In a cross-examination, deputy district attorney John Franks asked Vanmatre why the MTech knife was found in Vanmatre’s car if Jellis had it, having never returned to the car since the incident. Vanmatre said that he had two identical knives, one that was given to him free after purchasing the first.
As they hiked up, he said they stopped several times to let Jellis catch his breath. At one point, Jellis did not want to hike any further, so Vanmatre said, “ok, this seems like a good spot,” adding that he took off the belt to set it aside.
“He was agitated. He wanted to rest,” Vanmatre said. “I looked to my left, and Jadon Jellis was coming at me, and he had his hand up. I did not see the knife in his hand at the time.”
He claimed that Jellis hit him twice, before Vanmatre turned around and swung back with his machete. Vanmatre then presented the red shirt he was wearing at the time of the attack to the jury, with a hole in the fabric.
He added that Jellis caught his blade at one point and tugged on it, resulting in the large gash between Jellis’ left thumb and index finger and possibly a gash on the right side of his head.

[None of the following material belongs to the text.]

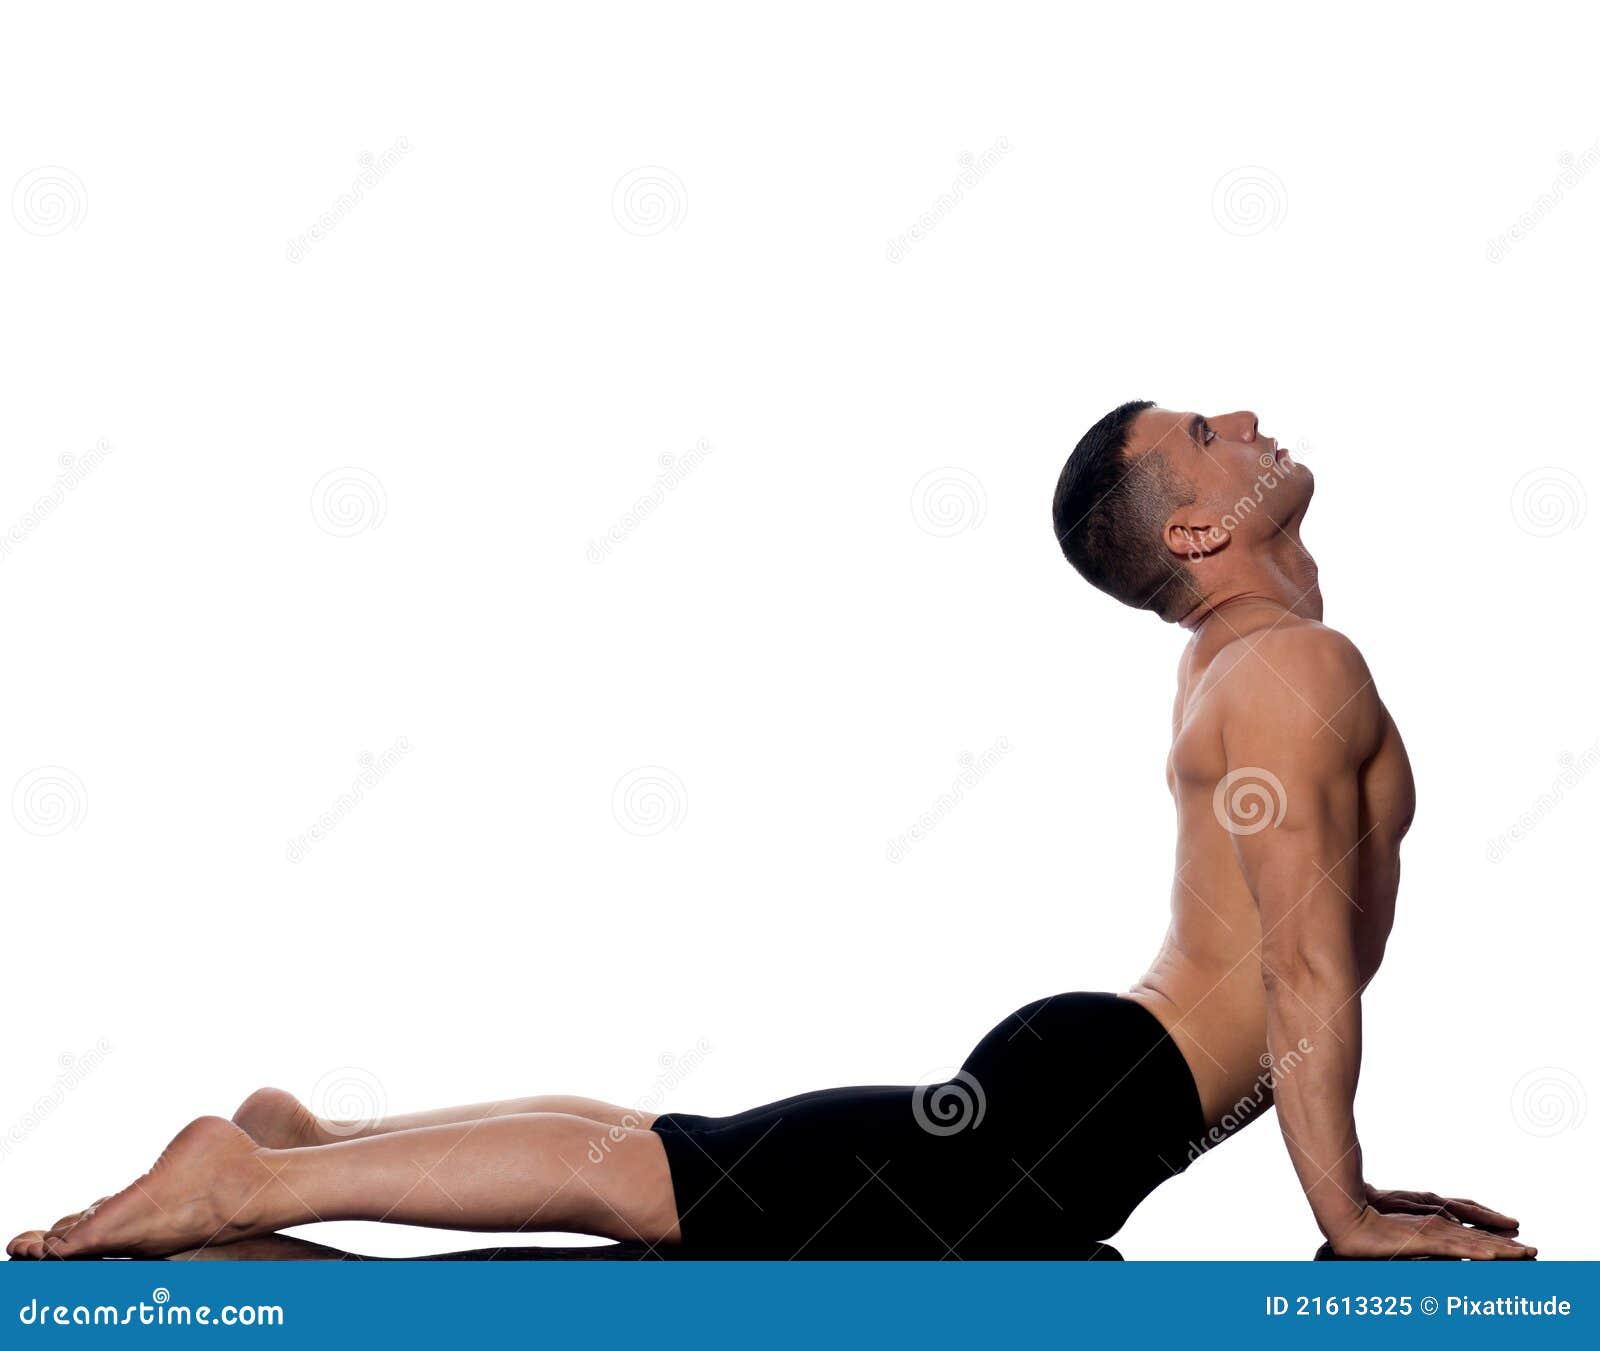 Download Man Yoga Cobra Pose Sun Salutation Surya Namaskar Stock Image
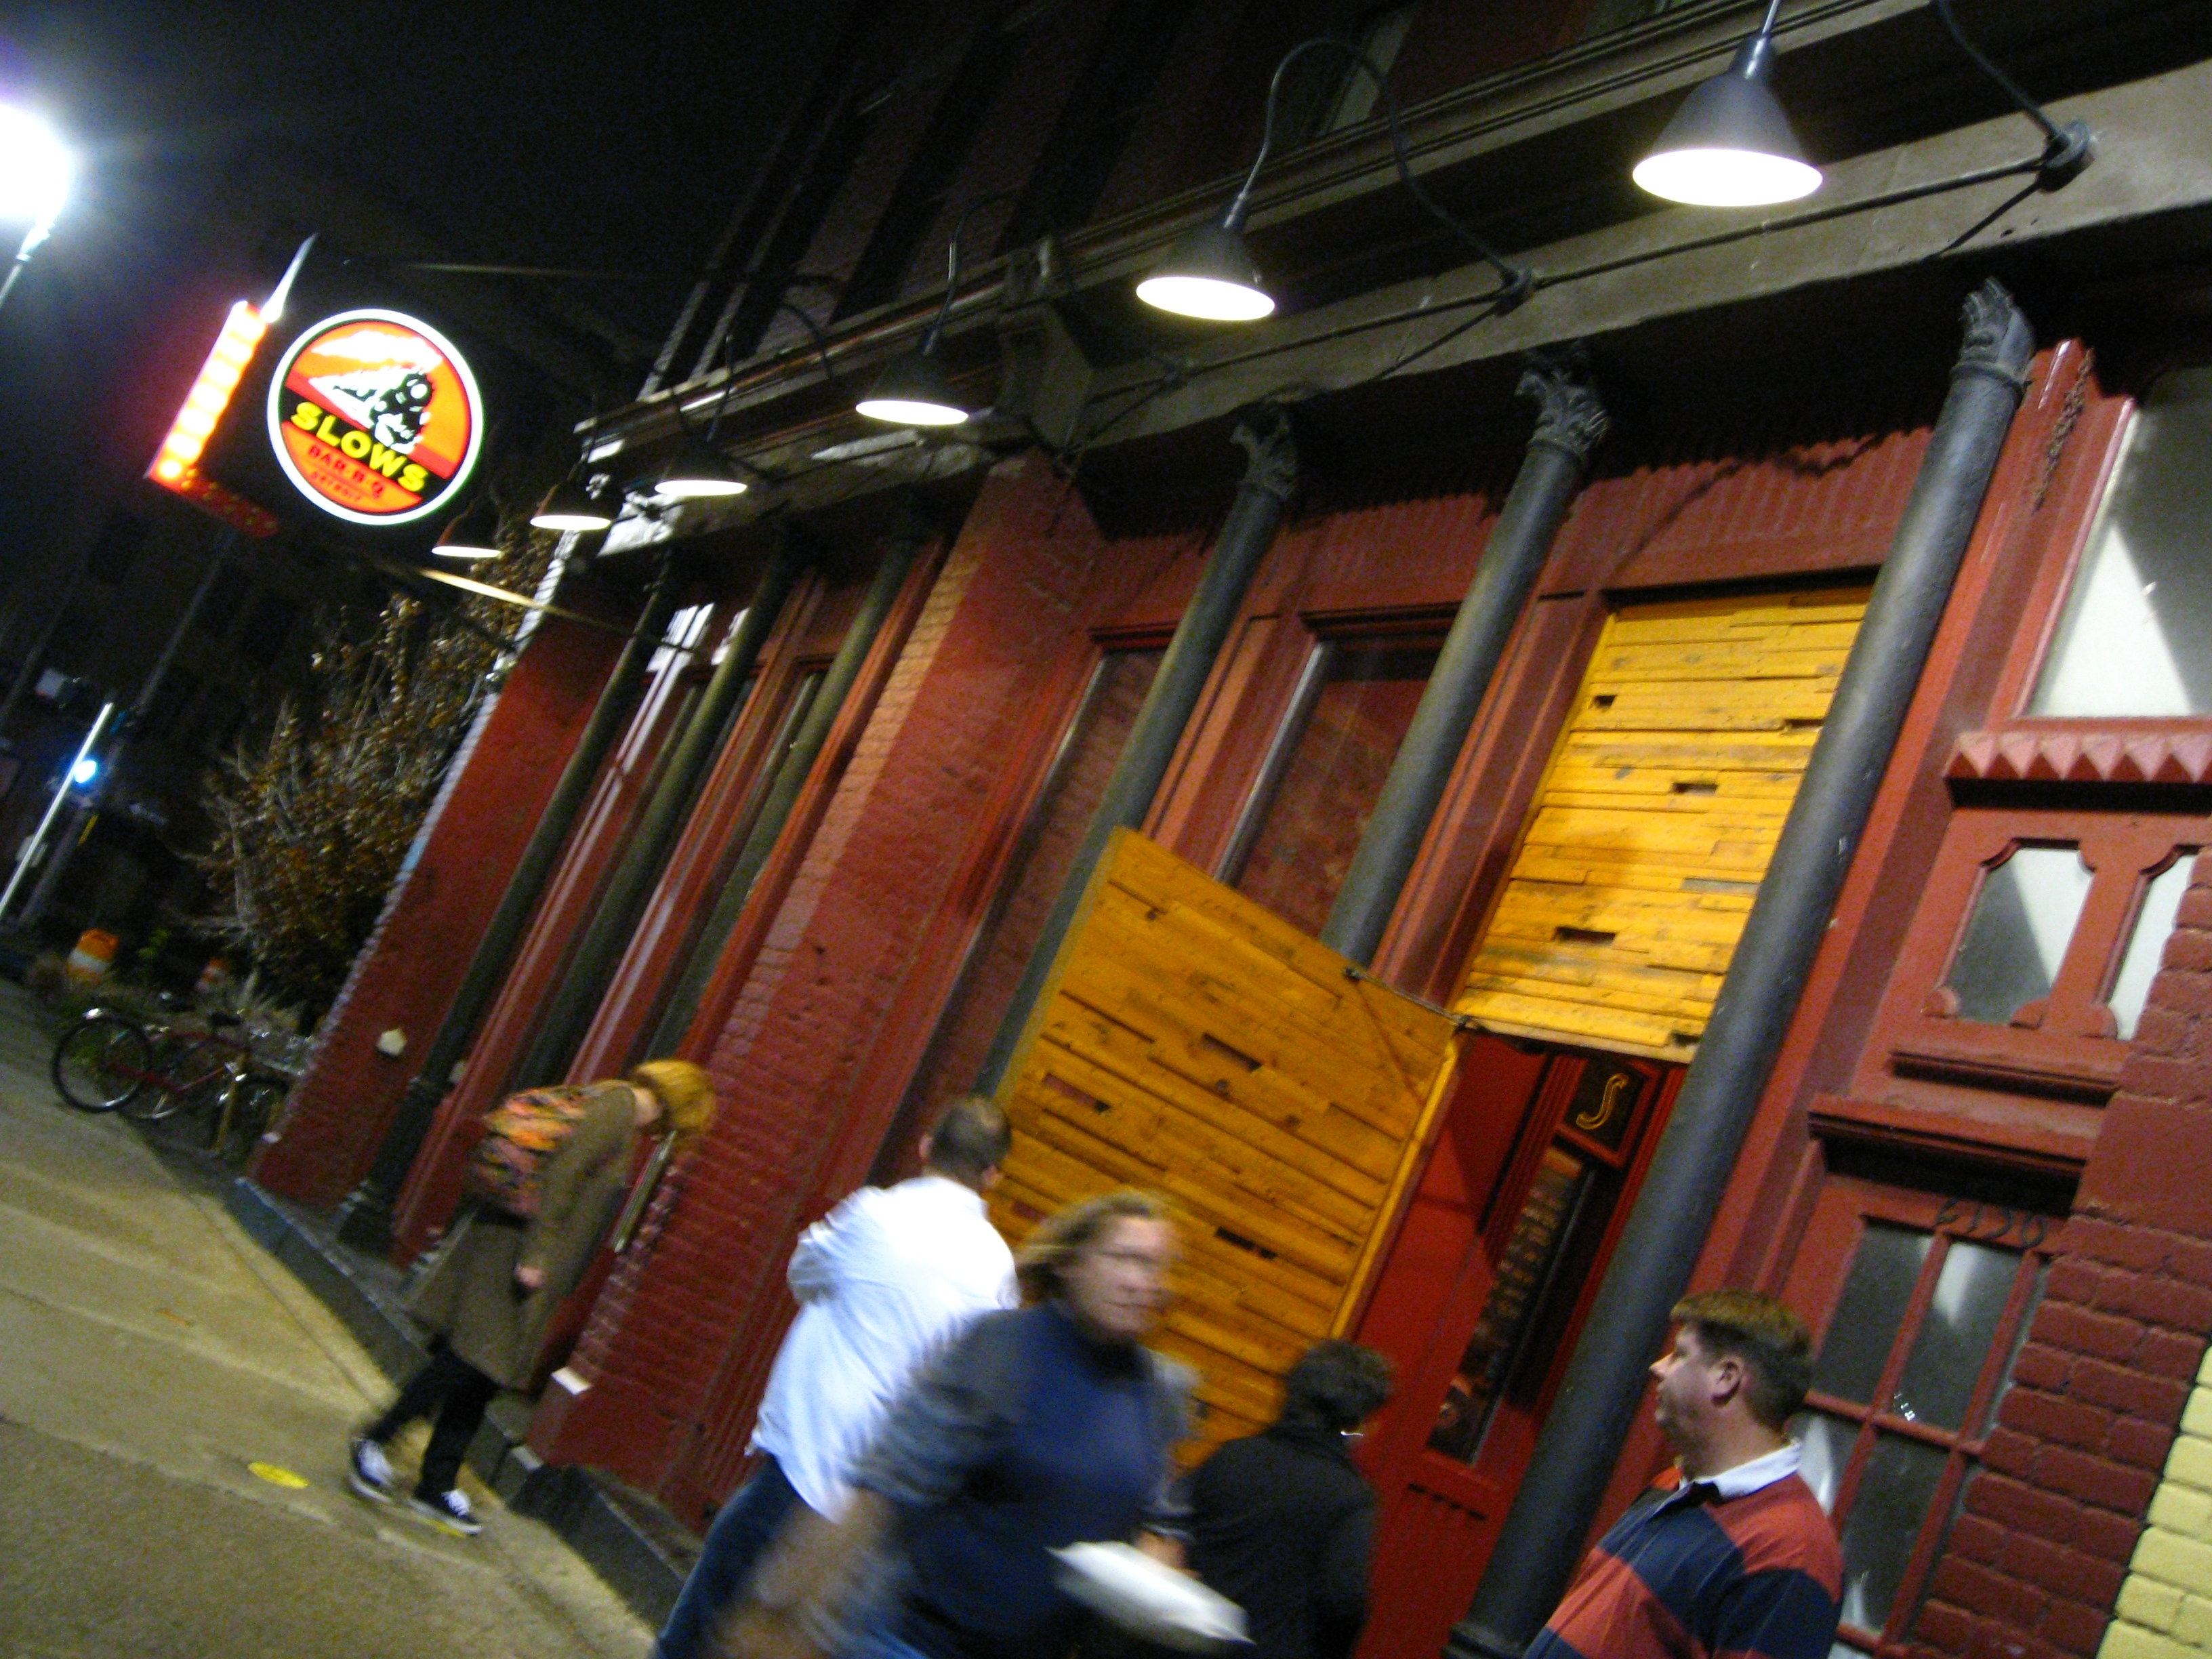 Motor city bar and grill warren mi for Motor bar and restaurant

Franks pointed out that these two cuts would have been on opposite sides of Jellis’ body. While Vanmatre said that he only swung twice, Franks counted four cuts: Two above Jellis’ left eye, one on his hand and one on the top of his head.
“He just came forward, and he grabbed me. He tackled me, and we rolled down the hill,” Vanmatre said. “He said ‘Give me the keys’ and I said ‘JJ, what are you doing?’ And, he stabbed me two times in the chest.”
Vanmatre added that he then saw the 16-year-old run toward them with his knife, and Jellis put his knife to Vanmatre’s chin, saying “put that down, or I’ll slit his (expletive) throat right now.”
At that moment, Vanmatre said he swung at Jellis, hitting him in the face, and Jellis ran away. He added that at that time, he could not and did not want to pursue Jellis.
“I got hurt. JJ got hurt. I should have just called the cops. I wasn’t thinking right,” Vanmatre said, voice breaking. “I didn’t know what to do.”
When his short sword was presented to him and the jury, Vanmatre started crying. Private defense attorney Douglas Romero asked Vanmatre why, and he responded: “I don’t even like looking at it anymore. I never wanted to harm anybody.”
Throughout his testimony, Vanmatre maintained that the juvenile never harmed Jellis, and that he lied about the events of that night because he did not want Jellis to get arrested for something he did while high on LSD.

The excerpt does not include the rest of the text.